Con el tiempo, la vida nos llevó a una residencia de obreros en una zona industrial de Zaragoza, y luego a una pequeña casa en la periferia de Madrid, donde nos mudamos cuando Alejandro consiguió un puesto como técnico de máquinas en una fábrica de automóviles. Allí, nuestra hija, Nieves, nació en 2005. Elena, mi esposa, se convirtió en una madre dedicada, pero nunca hubo pasión entre nosotros, solo una convivencia que se tornó más bien una costumbre.

Los años pasaron, y la vida nos golpeó una y otra vez. Cuando la enfermedad de mi madre nos obligó a regresar a la aldea, la finca quedó abandonada, y los recuerdos de los trabajos de la cantera se desvanecieron como la niebla del amanecer. Yo, que había sido siempre el tipo callado, empecé a sentir un vacío que ni siquiera el ruido del tren de alta velocidad podía llenar.

Una tarde, mientras me encontraba en el hospital del pueblo a visitar a mi hermano, escuché a los enfermeros hablar de un nuevo proyecto de energía eólica en la zona de la Sierra de Gredos. Pensé que podría ser una nueva oportunidad, pero la realidad era que mi corazón estaba cansado de correr tras los sueños ajenos. Esa noche, mientras la lluvia golpeaba el cristal, recordé la frase que mi abuelo solía decir: El que no ama a su patria, no ama nada.

Al regresar al cementerio para enterrar a mi madre, escuché de nuevo a Carmen y Pilar. Carmen, la que nunca amó a su marido, había decidido divorciarse después de veinte años de sufrimiento. Pilar, sin embargo, había encontrado consuelo en la fe y en la comunidad del pueblo. Ambas se miraron una última vez al horizonte, donde el sol se ocultaba tras los árboles, y susurraron, casi sin querer, que la vida sigue, aunque el corazón se rompa.

Yo me quedé allí, bajo la sombra del olmo, reflexionando sobre mi propio matrimonio y sobre la manera en que, como esos dos personajes, había vivido más por obligación que por amor. No había traído a casa la felicidad que prometía la prensa de la época, sino una serie de compromisos que, al final, se habían convertido en mi propia prisión.

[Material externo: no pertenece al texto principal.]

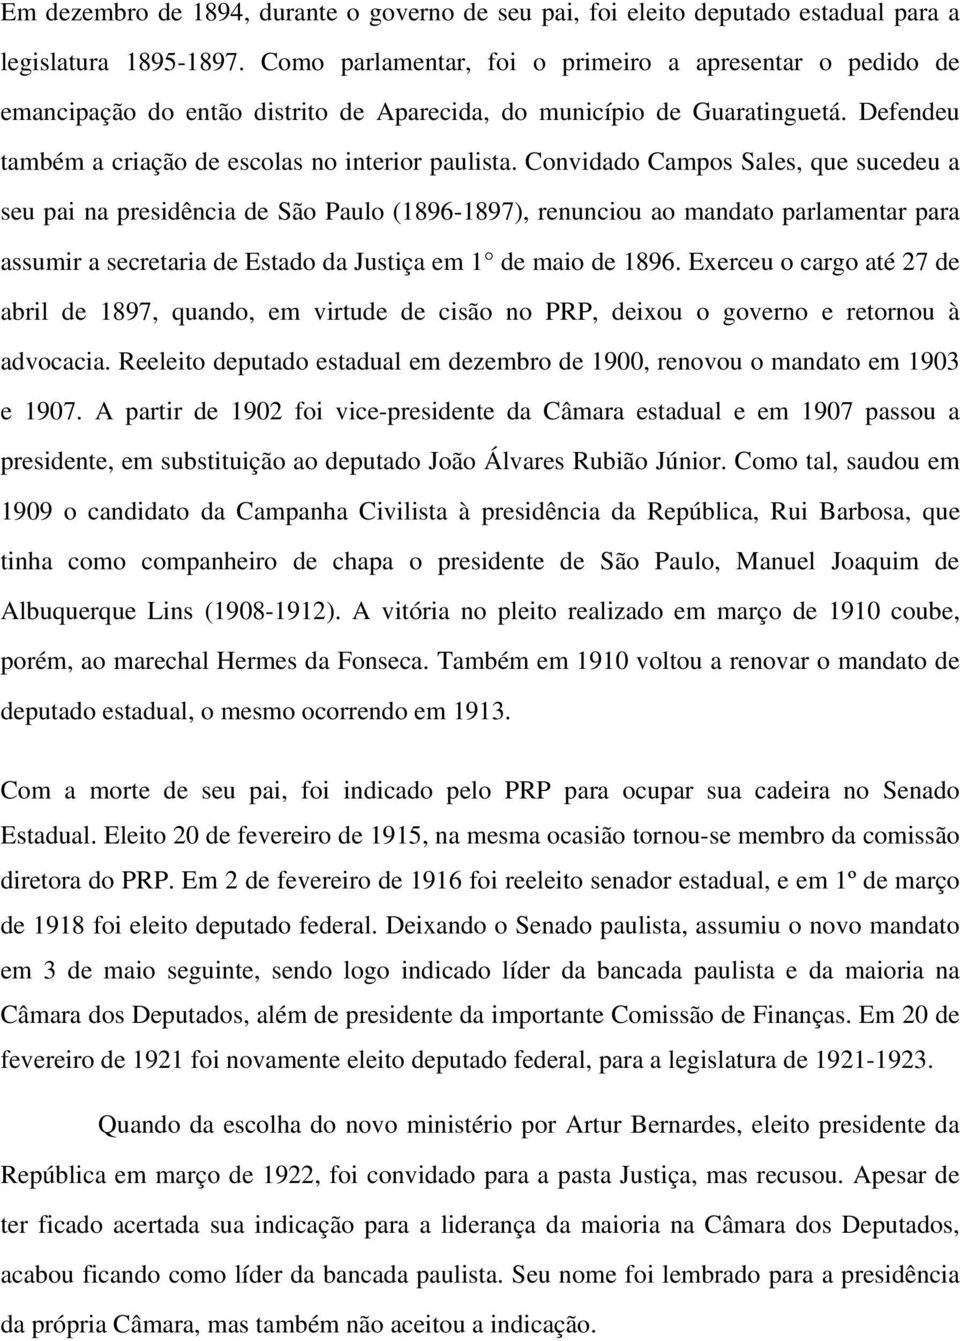 Convidado Campos Sales, que sucedeu a seu pai na presidência de São Paulo (1896-1897), renunciou ao mandato parlamentar para assumir a secretaria de Estado da Justiça em 1 de maio de 1896.

Hoy entiendo que la verdadera lección no es que uno deba buscar la perfección en el otro, sino aceptar que el amor se cultiva como la vid: se necesita paciencia, cuidado y, sobre todo, la voluntad de reconocer nuestras propias limitaciones. Porque, como dice el refrán castellano, El que mucho abarca, poco aprieta. Mi vida ha sido una larga cadena de abrazos fríos y promesas rotas, pero al fin he aprendido a valorar la sencillez de los momentos compartidos, incluso cuando no hay pasión, sino respeto y gratitud.

Así concluyo este día, con la convicción de que el mayor regalo que podemos dar a los demás y a nosotros mismos es la honestidad con la que vivimos, sin fingir amores que nunca existieron. Y esa, al fin y al cabo, es la enseñanza que me llevo a casa.